| TASK REQUIREMENTS |
Below are some records. Return exactly the lines from the one with "Иллюстрация 1 из" to the one with "WordPress çizelgeleri və masalar düyməsini", and nothing else.

| INFORMATION SHOWN |
------------------------------------------------

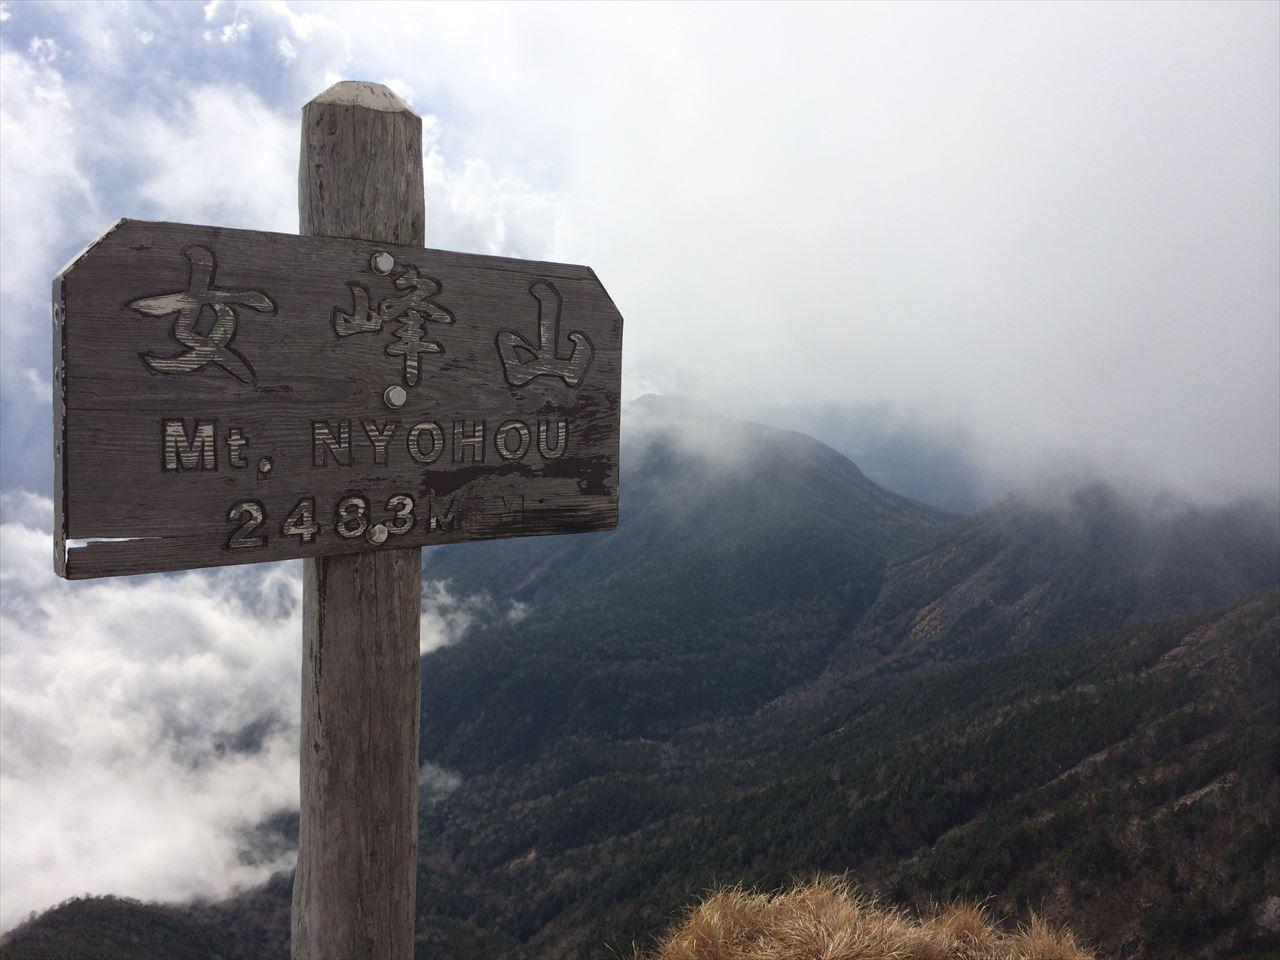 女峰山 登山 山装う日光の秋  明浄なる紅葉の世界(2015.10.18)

------------------------------------------------

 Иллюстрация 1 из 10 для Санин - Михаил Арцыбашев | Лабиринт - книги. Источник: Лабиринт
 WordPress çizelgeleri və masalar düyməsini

------------------------------------------------

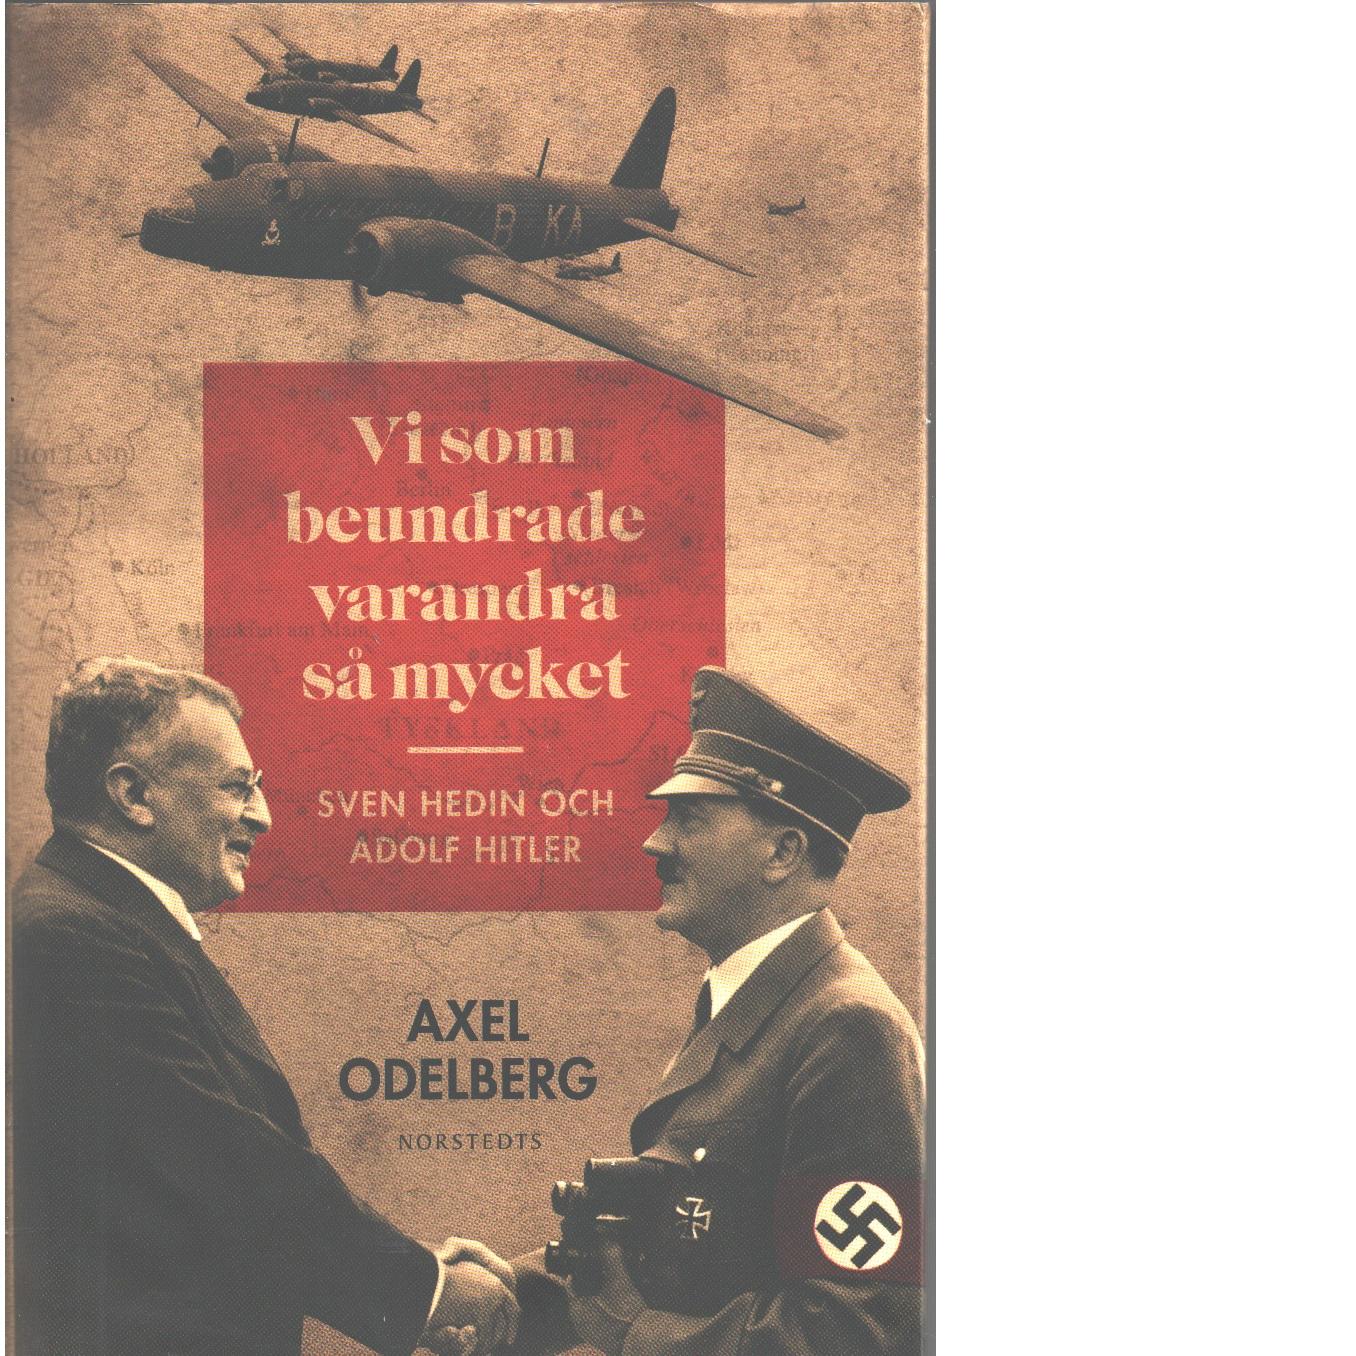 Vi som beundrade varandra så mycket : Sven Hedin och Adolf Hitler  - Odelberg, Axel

------------------------------------------------

| ANSWER TO THE PROBLEM |
 Иллюстрация 1 из 10 для Санин - Михаил Арцыбашев | Лабиринт - книги. Источник: Лабиринт
 WordPress çizelgeleri və masalar düyməsini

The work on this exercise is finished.